-- PROBLEM --
Return the listing that follows exactly, with no pictures included.

START DATASET SECTION

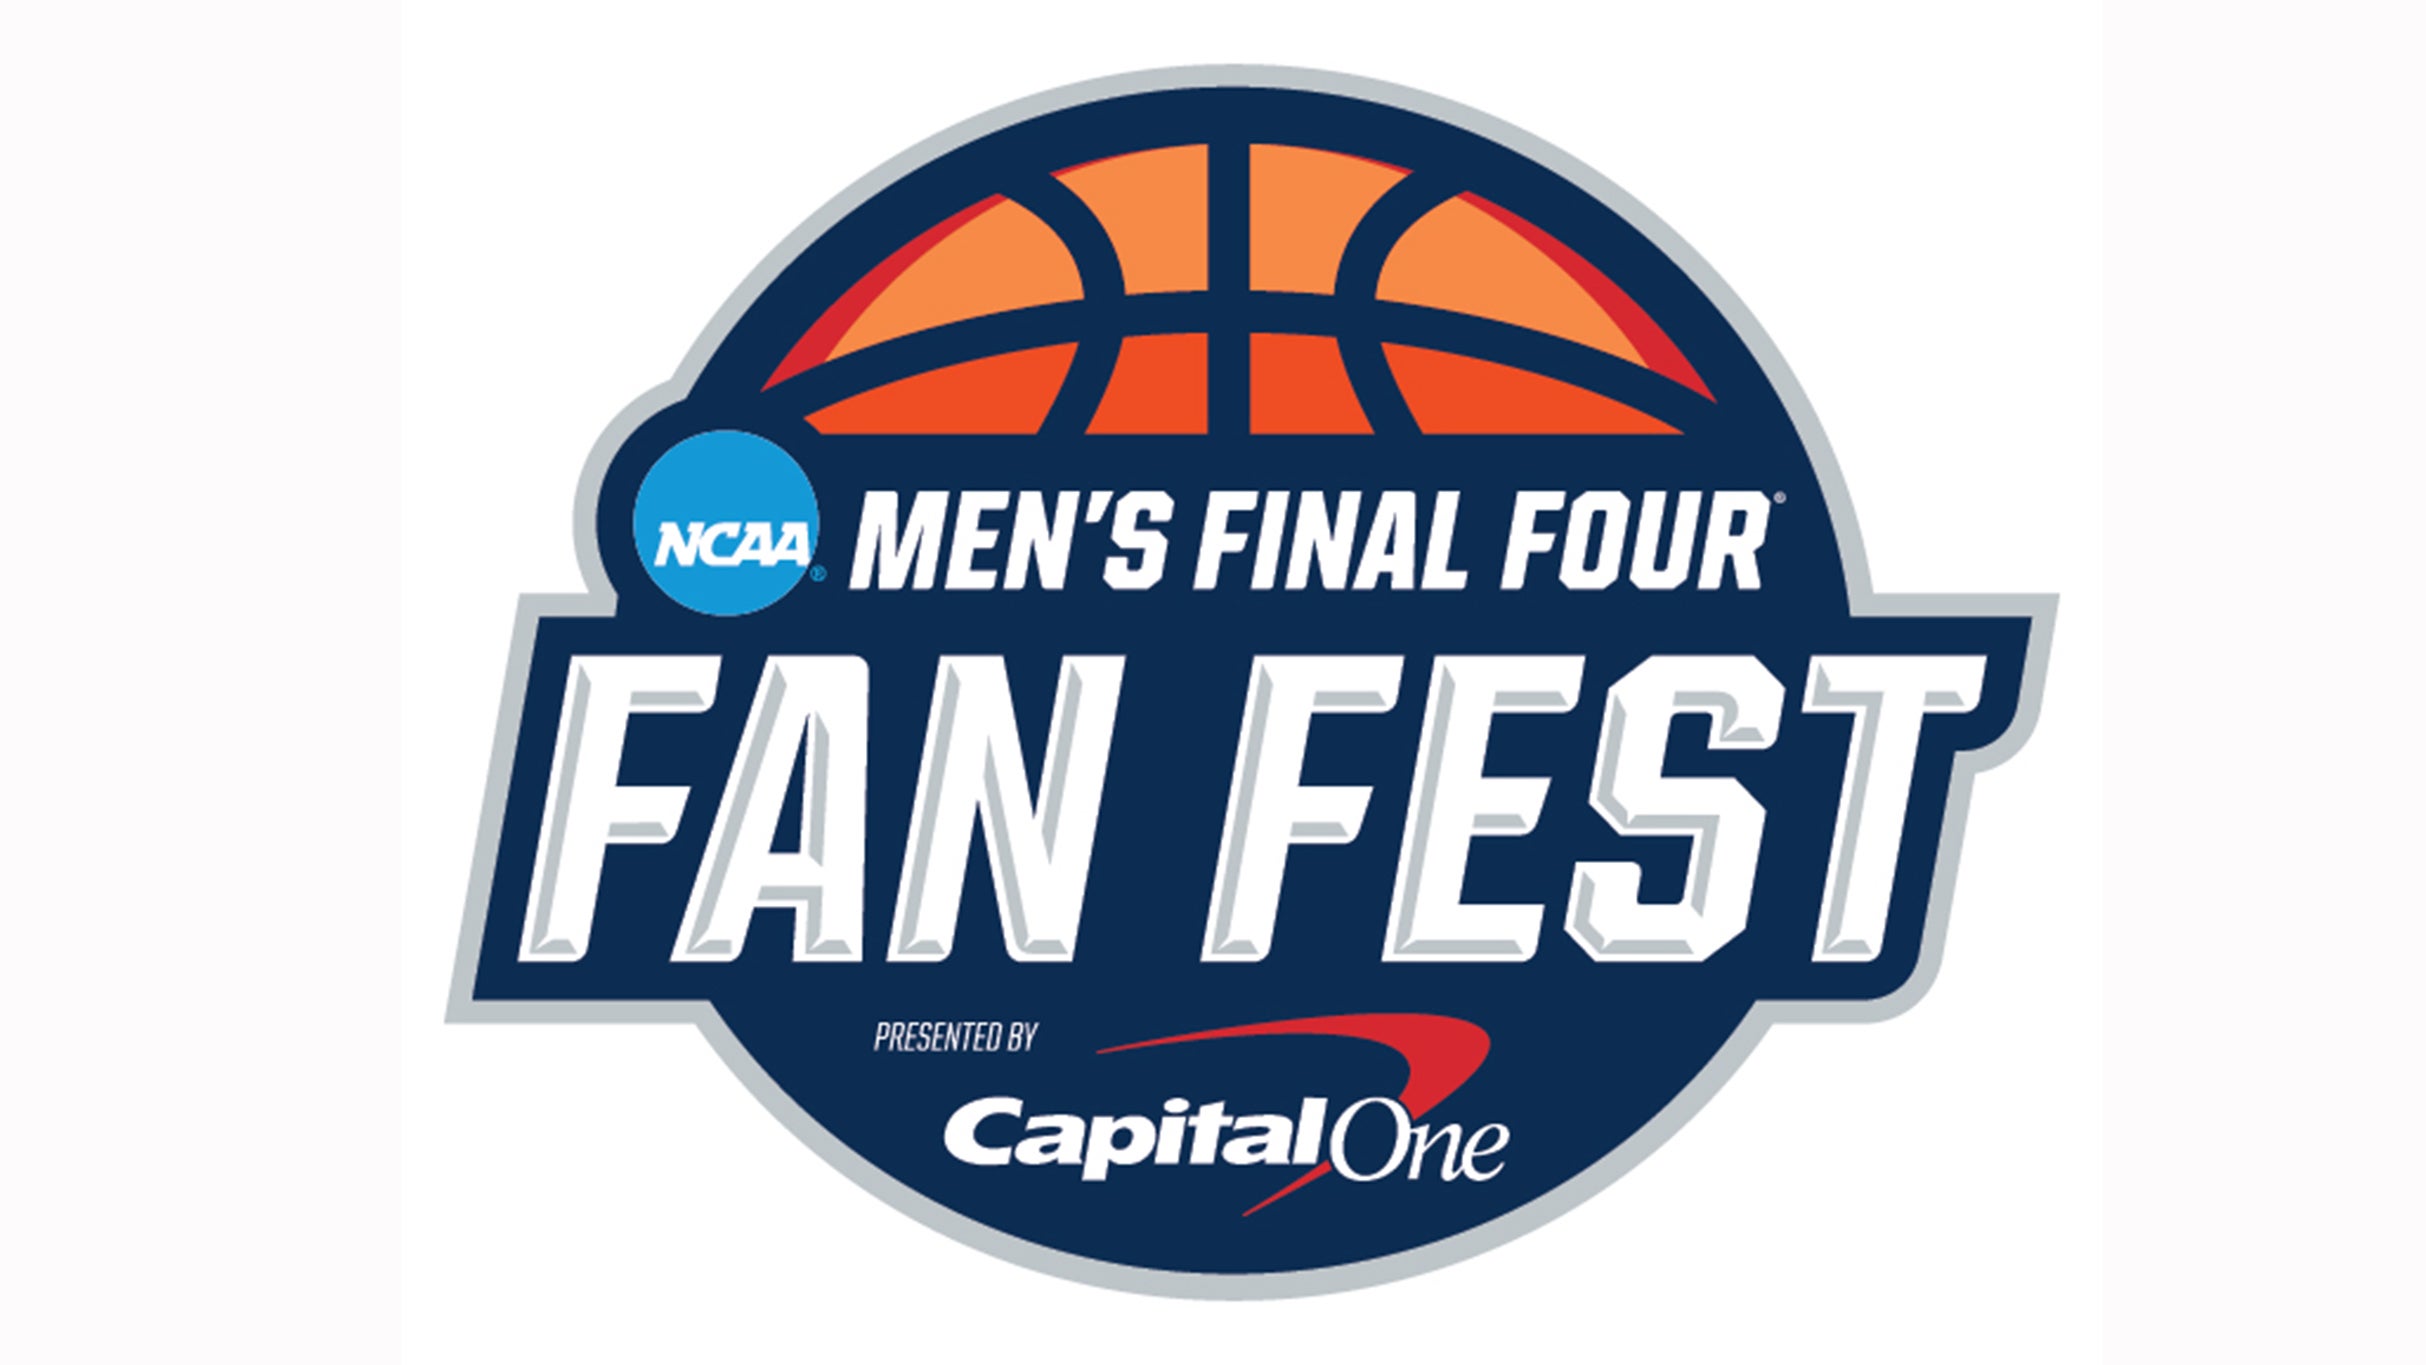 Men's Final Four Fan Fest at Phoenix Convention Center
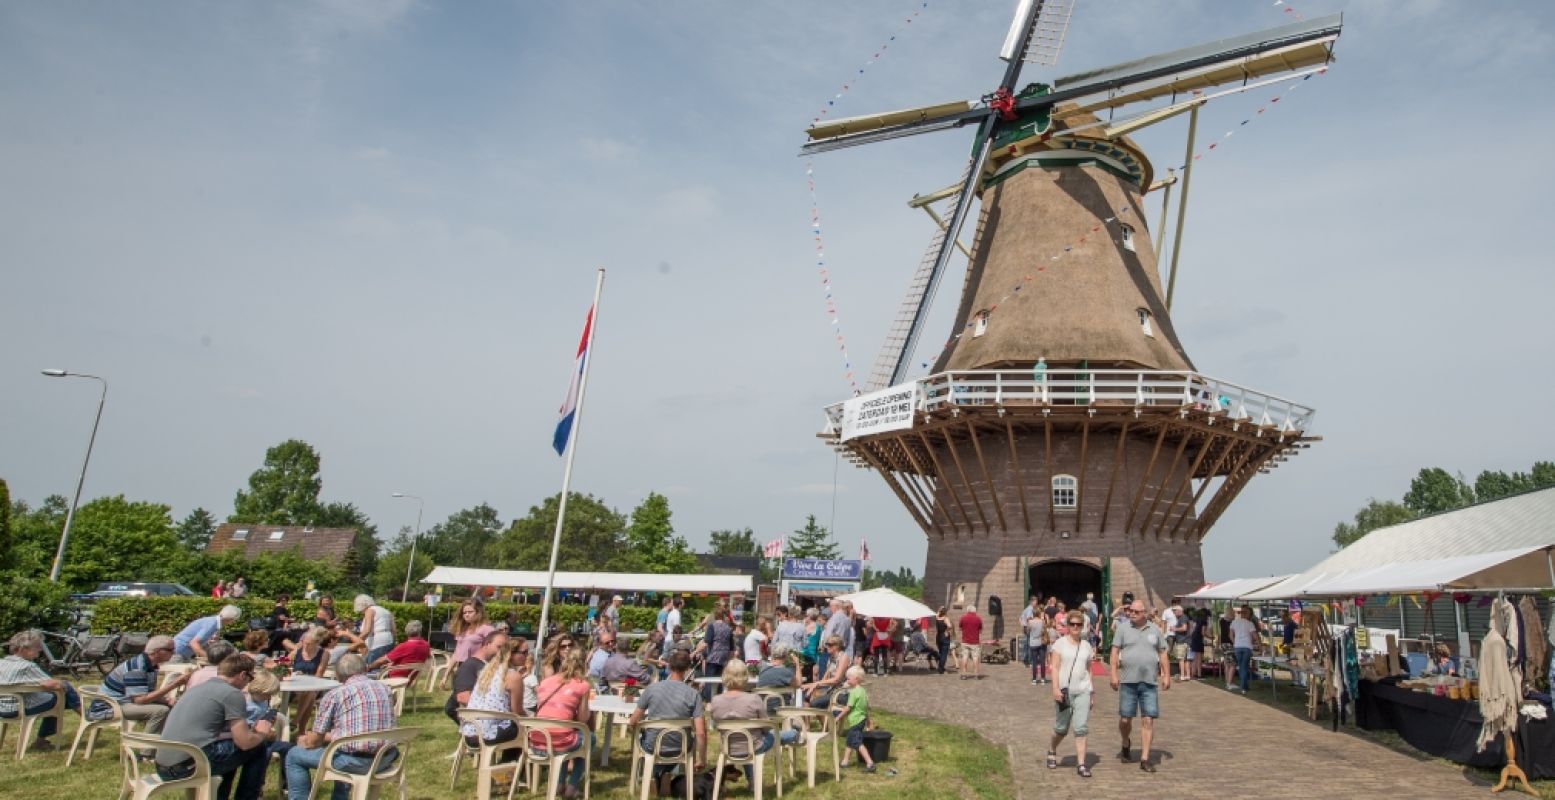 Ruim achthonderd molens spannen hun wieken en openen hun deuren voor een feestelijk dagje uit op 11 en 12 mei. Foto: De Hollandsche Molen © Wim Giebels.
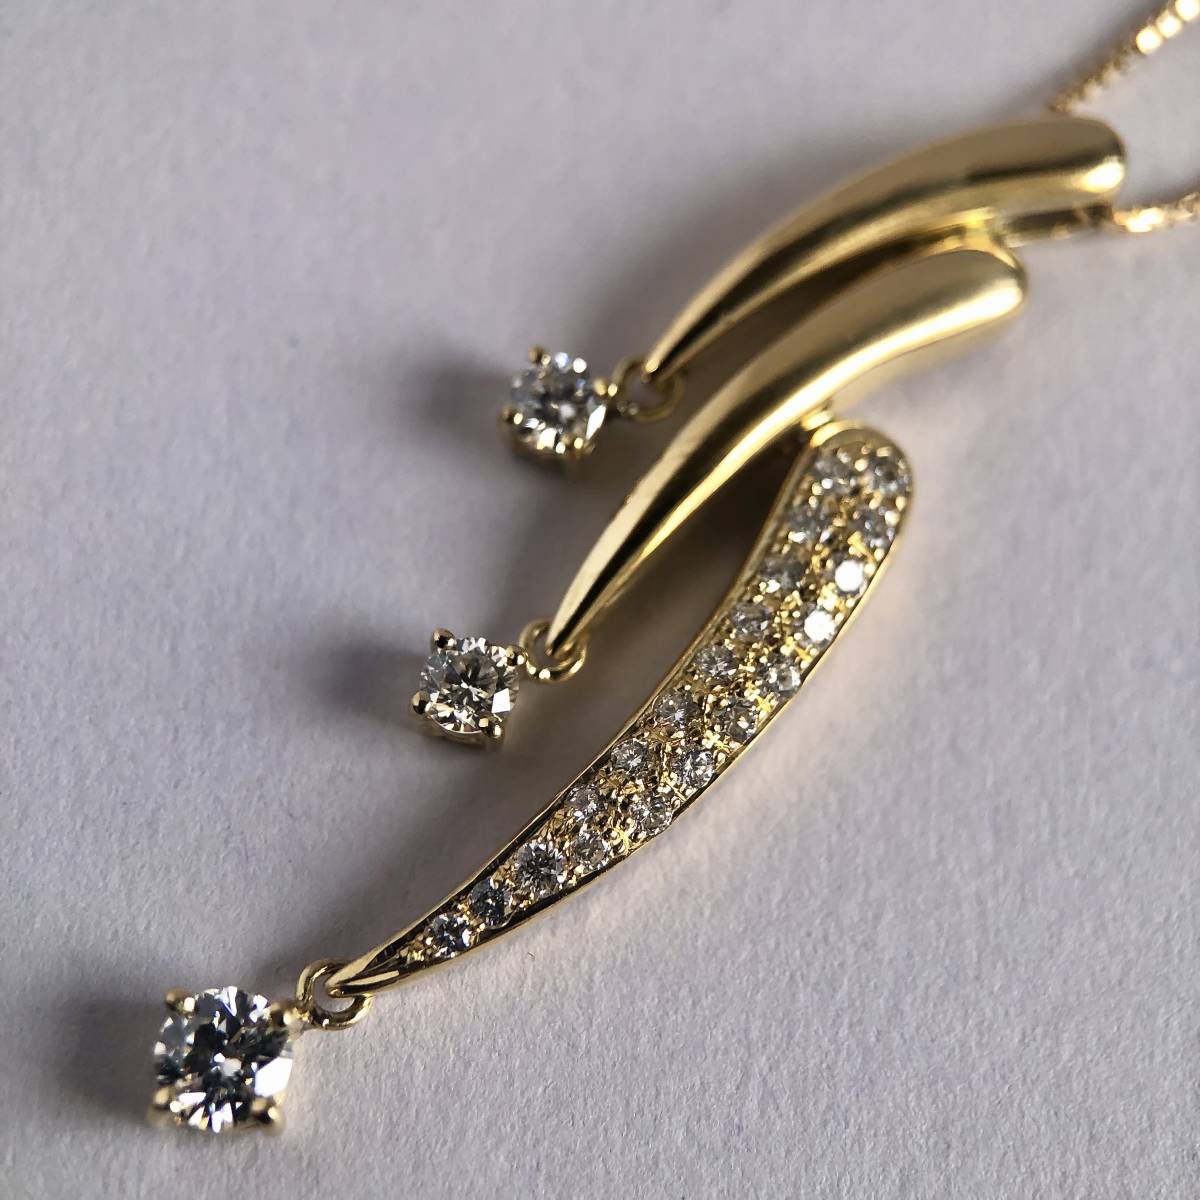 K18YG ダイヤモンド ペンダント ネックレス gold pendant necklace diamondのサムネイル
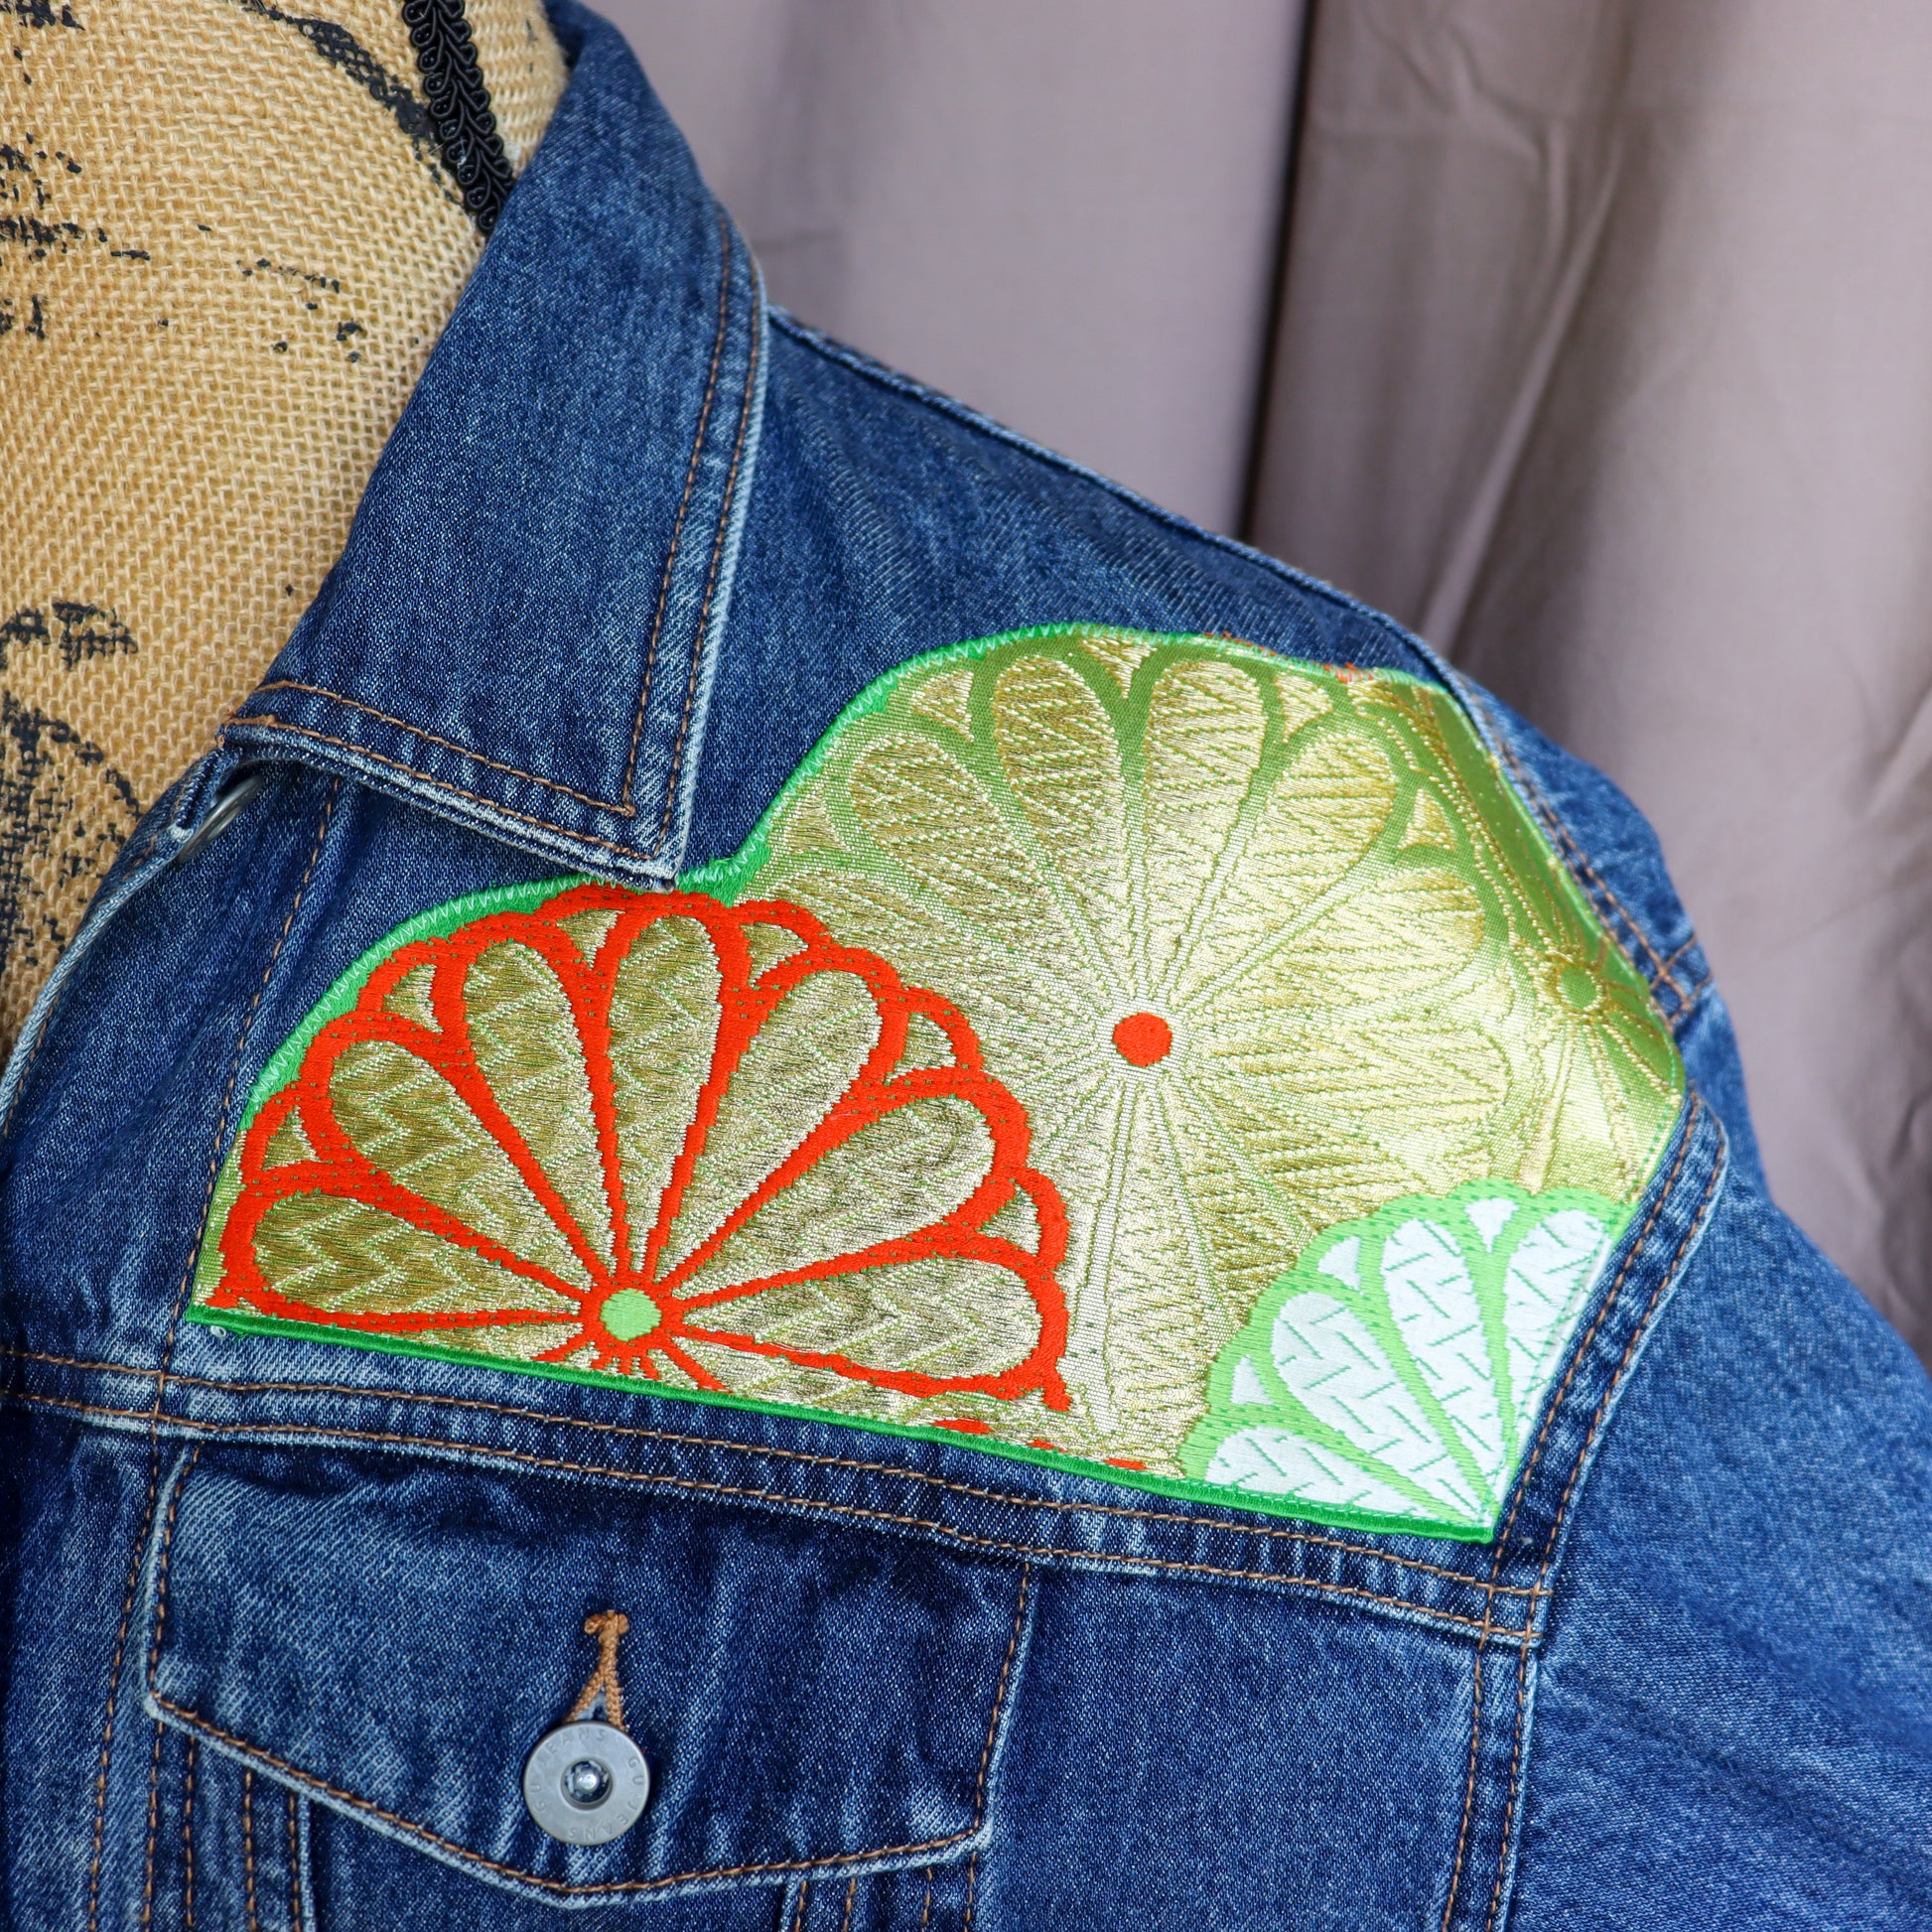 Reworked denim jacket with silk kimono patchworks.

END DATASET SECTION

-- TASK OUTPUT --
 Men's Final Four Fan Fest at Phoenix Convention Center
 Ruim achthonderd molens spannen hun wieken en openen hun deuren voor een feestelijk dagje uit op 11 en 12 mei. Foto: De Hollandsche Molen © Wim Giebels.
 K18YG ダイヤモンド ペンダント ネックレス gold pendant necklace diamondのサムネイル
 Reworked denim jacket with silk kimono patchworks.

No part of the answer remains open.